The Bush administration was ordered this week to take a number of steps intended to help preserve email messages sent between 2003 and 2005 that had been thought to have been deleted -- but the way the court order was phrased offers a number of loopholes to avoid the intent of the order.

Aside from the political issues about jurisdiction regarding the Federal Records Act and the Presidential Records Act -- which the Bush administration is using to fight the court order -- there are a number of technical and procedural issues that are applicable to any IT department facing electronic records discovery associated with a court case.

"The dispute over recovery of the missing e-mails was provoked by the disclosure four years ago that the White House, in switching to a new internal e-mail system shortly after Bush's election, had abandoned an automatic archiving system meant to preserve all messages containing official business," reported the Washington Post. "Under the new system, any of the 3,000 or so regular White House employees could access e-mail storage files, enabling them to delete messages."

Potentially millions of email messages -- including those covering key moments related to the invasion of Iraq and to a federal probe of the leak of Valerie Plame Wilson's classified employment with the CIA -- could have been missing.

The Justice Department reported last week that after a $10 million investigation, it had located 14 million email messages, which it said it would turn over to the National Archives.
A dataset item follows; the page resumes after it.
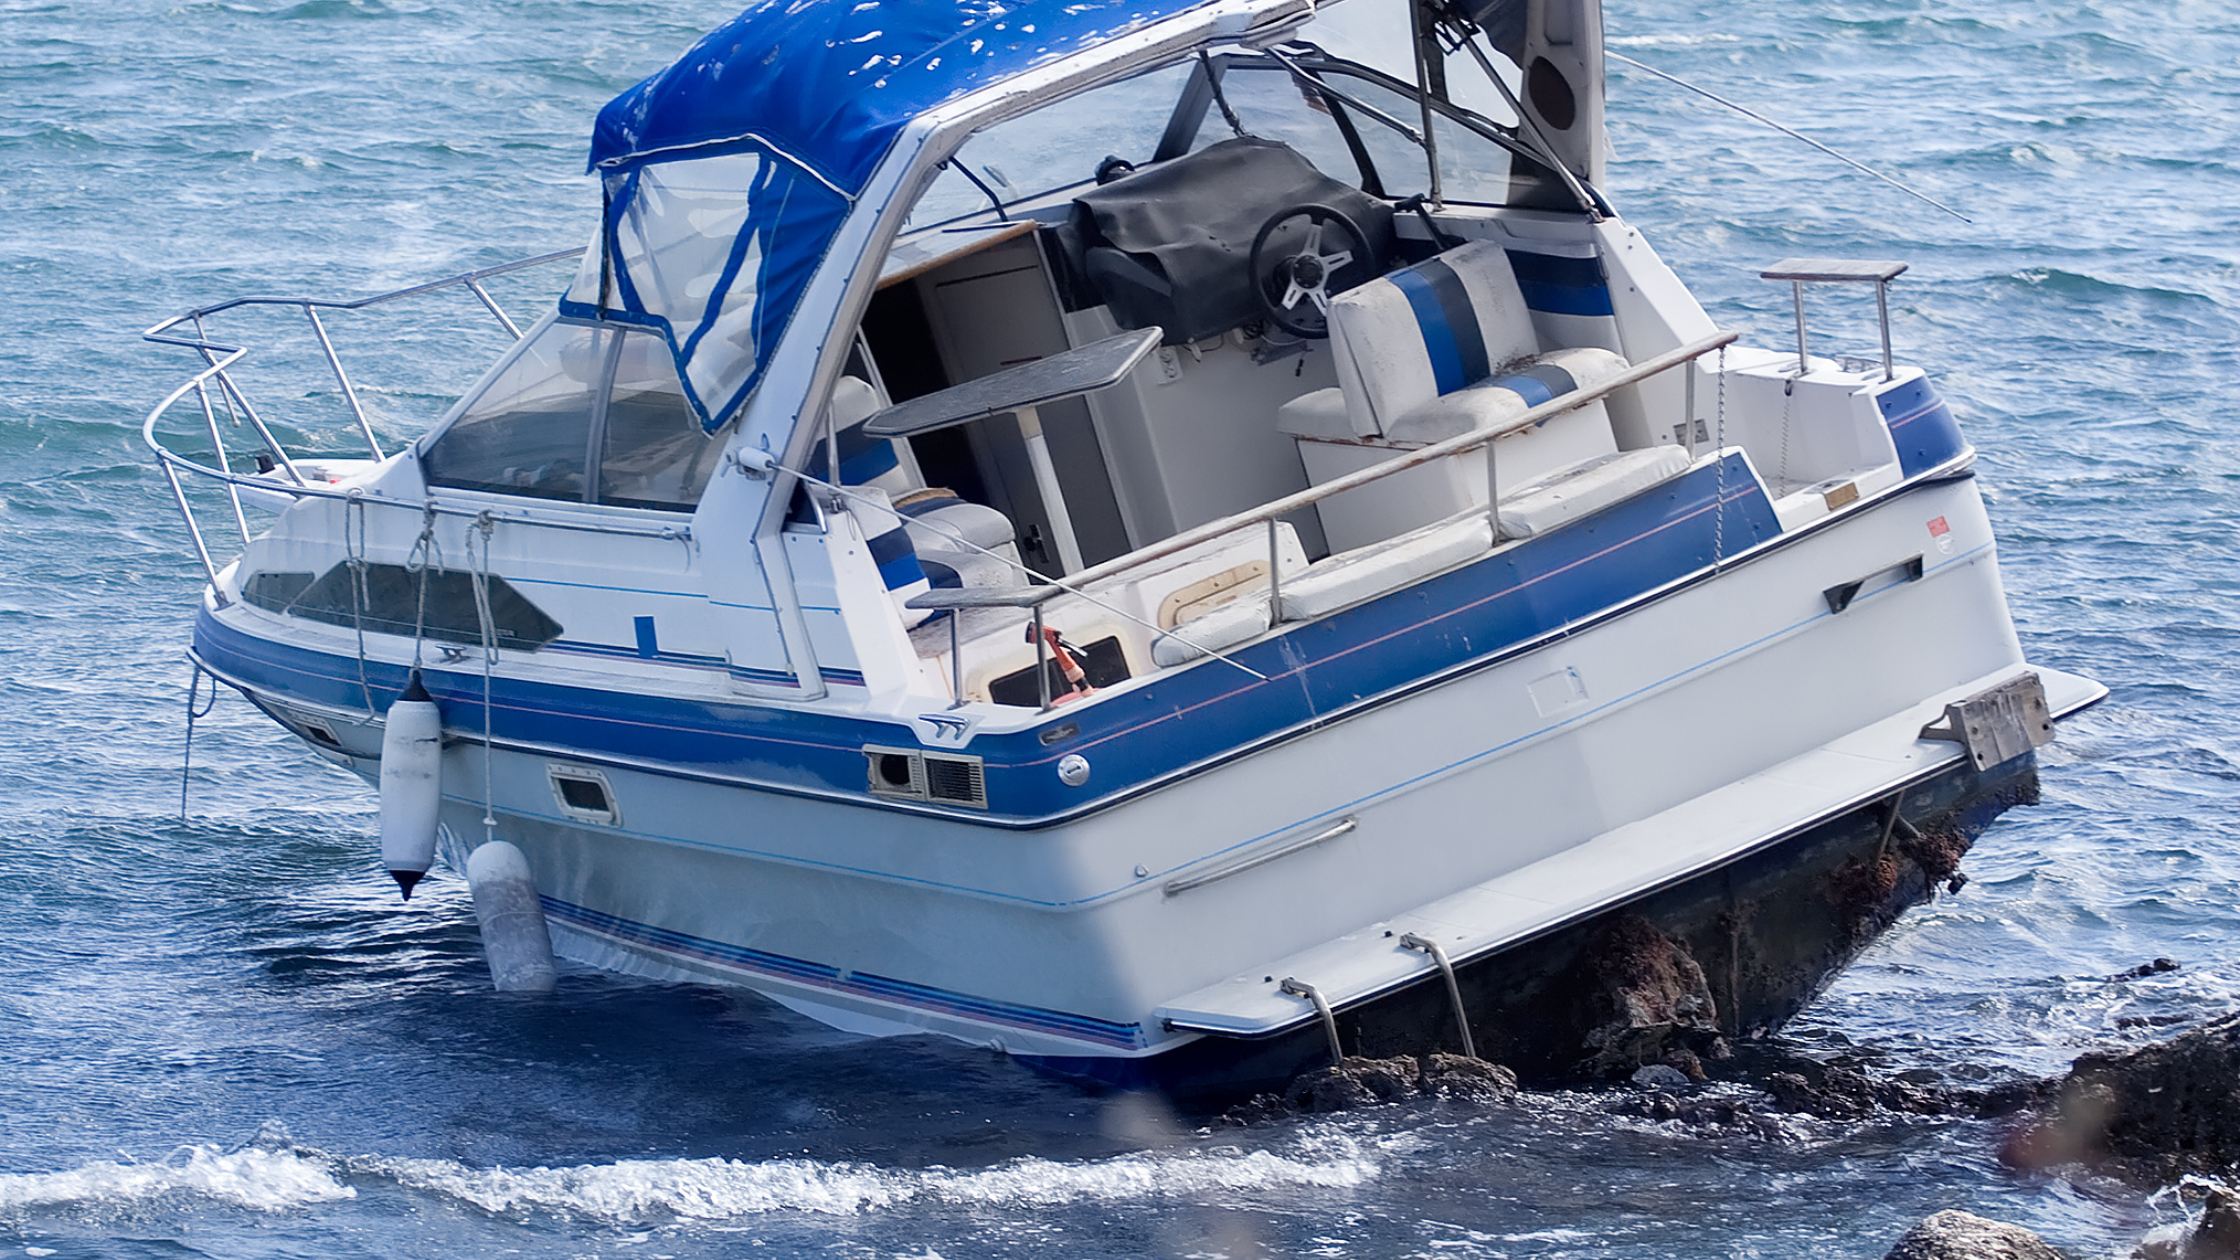 Boat Accident Lawyer InSan Diego, CA
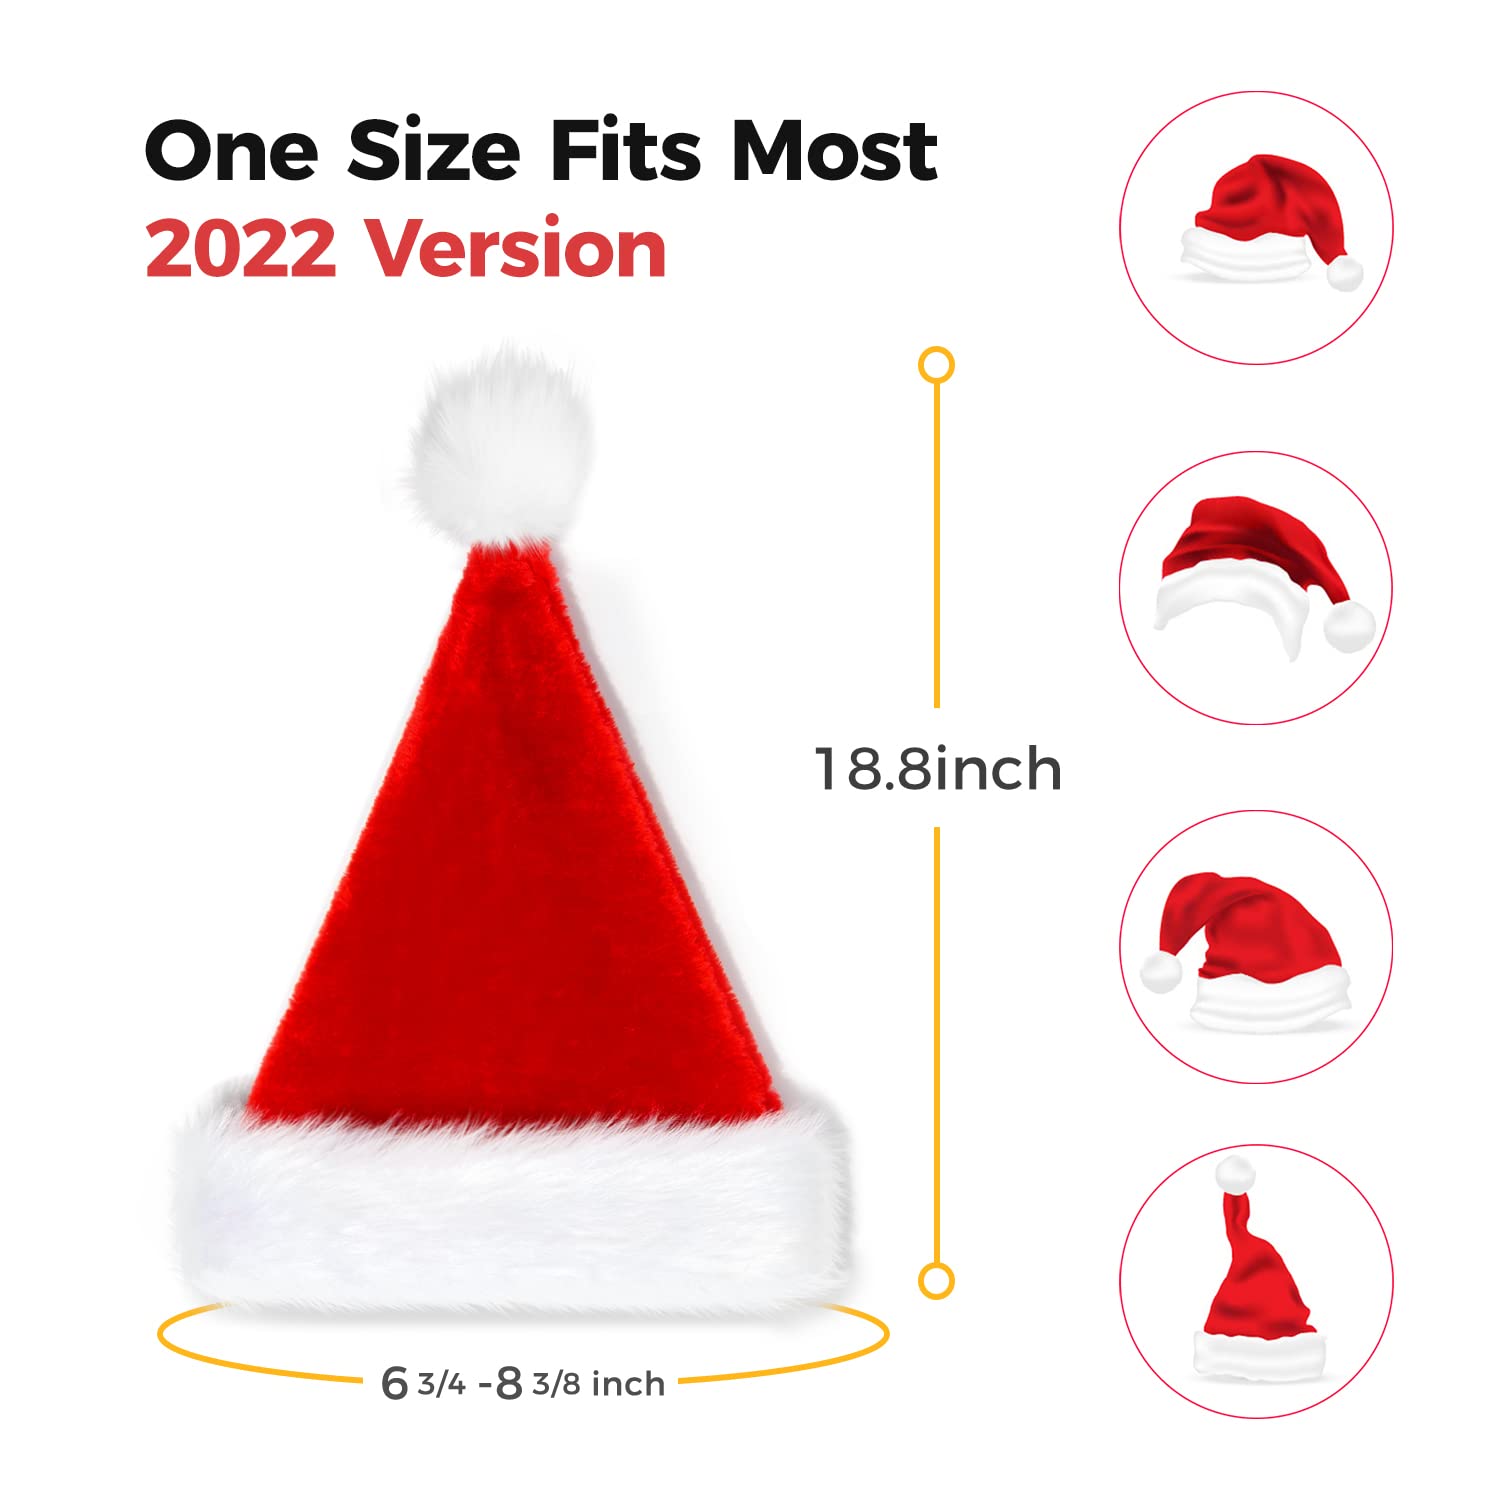 eCraftIndia Red and White Velvet Classic Fur Merry Christmas Hats, Santa Claus Caps for kids and Adults - XMAS Caps, Santa Hats for Christmas, New Year, Festive Holiday Party Celebration (Set of 3) 7

However, the serendipity of the find, along with the refusal of the department to detail the procedures it had used to locate the email messages, raised suspicions.

The court order directed the Executive Office of the President to search the workstations, and any .PST files located therein, of any individuals who were employed between March 2003 and October 2005, and to collect and preserve all e-mails sent or received between March 2003 and October 2005 and to issue a preservation notice to its employees directing them to surrender any media in their possession–irrespective of the intent with which it was created–that may contain e-mails sent or received between March 2003 and October 2005, and for EOP to collect and preserve all such media.

So -- aside from the fact that, with the inauguration scheduled for Tuesday, any such email is probably long gone -- what are the problems with this court order?

  • It covers only workstations. Email sent from other hardware, such as Blackberrys, is not covered.
  • Email potentially sent from other email systems, such as Yahoo! Mail, to circumvent regulations around government email, is not covered.
  • Only email that is saved in .PST files is covered. Even Microsoft Outlook doesn't use only .PST files for all email files.
  • If an individual was a contractor, and not an employee, it is not clear whether they will be included.
  • The order refers to "any media" -- which includes portable hard drives, CDs, DVDs, memory sticks, and flash drives. This not only points out the inherent insecurity in allowing such media, but also how difficult it would be to prevent people from destroying such media or taking it outside. Will employees be strip-searched to make sure they're not hiding a USB drive somewhere when they leave the White House? Don't be silly.